The village has a thousand year old temple dedicated to the Hindu deity Mahalingeshwara, which is situated in the Devaragudde area. Ganesha and Surya Narayana are the other two deities worshiped in the temple. The circular shrine of the Solar deity Surya within the temple complex is of historical importance. The idol of the solar deity is a neat image and holds lotuses in both his hands The temple festival called "Utsava" takes place in the second week of February. The temple was established by an aristocratic Bunt woman named Ballalthi of the Belle Ballal clan, the chief land owning feudals of Belle. The Belle Ballala Bunt clan is a cadet branch of the Arasa Ballala rulers of Yerdanadu Aramane, a small medieval feudatory state. The Ballalas claimed descent from the Jaina Santara dynasty who married into the local Alupa dynasty of Tulu Nadu. The Belle Ballala clan were originally followers of Jainism but converted to Shaivism later. They follow the law of matrilineal inheritance (Aliyasantana) and have five manor houses in Belle which are Belle Melmane, Belle Kelamane, Belle Badagumane, Belle Padumane and Belle Moodumane. These five manors owned close to 2000 acres of land in feudal and colonial times before land reforms were implemented in the 1960s

A medieval wooden image of one of the chiefs (Ballal) of Belle lies in a shrine near the Kelamane House.
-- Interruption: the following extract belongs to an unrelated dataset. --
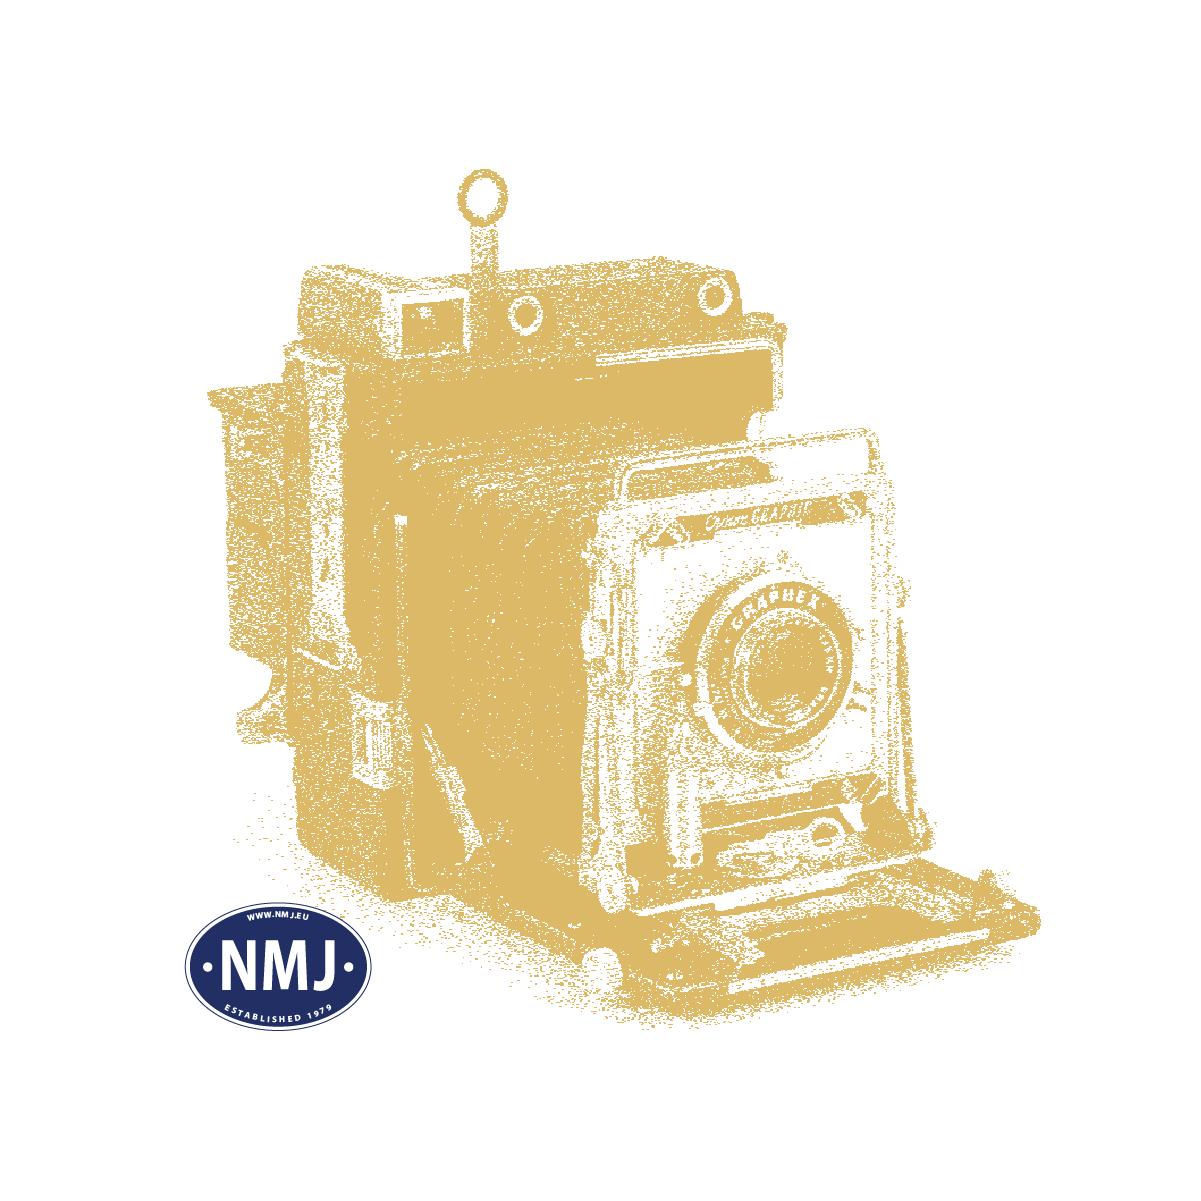 NMJT504.403 - NMJ Topline NSB His 210 2 597-2

Two branches of the clan exist outside Belle: Mallar Guthu (erstwhile feudal lords of Mallar village) and Sanoor Guthu (erstwhile Potail (administrators) of Sanoor Village). Moodubelle Kambala is held at Belle Kelamane House in November every year. Mallarguthu Sankappa Shetty, a member of this clan built the Kalya Marigudi Temple in Kaup.

===Padubelle Mahalingeshwara Temple===
The western part of the village also has an old temple dedicated to the Hindu deity Mahalingeshwara Shiva. The temple was recently renovated.

===St. Lawrence Church===
A Roman Catholic Church which is also one of the biggest churches in the Udupi Diocese. It is place of worship for a large Konkani speaking Catholic population. An annual festival or the parish feast of St. Lawrence Church, also known as 'Santhmary' takes place every year on the first Tuesday, Wednesday of January. People from many communities go to the church and celebrate the feast.

==Education==
The village has a primary school, a high school, and a junior college. There is an English language school that also offers primary and high school Education.

Educational Institutes in the area include: St. Lawrence College, St. Lawrence High School (Kannada), Bharathi Higher Primary School (KunthalaNagara), Belle Church Aided Higher Primary School (Kannada), Jnanaganga College (Nellikatte).

==Geography==
Belle village has been geographically separated into two parts: Moodubelle (Belle - East), Padubelle (Belle-West). A river, Badra Amma (also known as Papanashini), flows between Moodu Belle and Padu Belle. Moodu Belle village is around 12 km from District Headquarters Udupi by road.

==People==
Tulu, Konkani and Kannada are widely spoken. Tulu is the lingua franca in the area as it is in most of Tulu Nadu.

==Transport==
The nearest airport is Mangalore International Airport. The nearest railway station is at Udupi.

By road, Moodubelle lies in State Highway SH-37 and it is well connected by road network.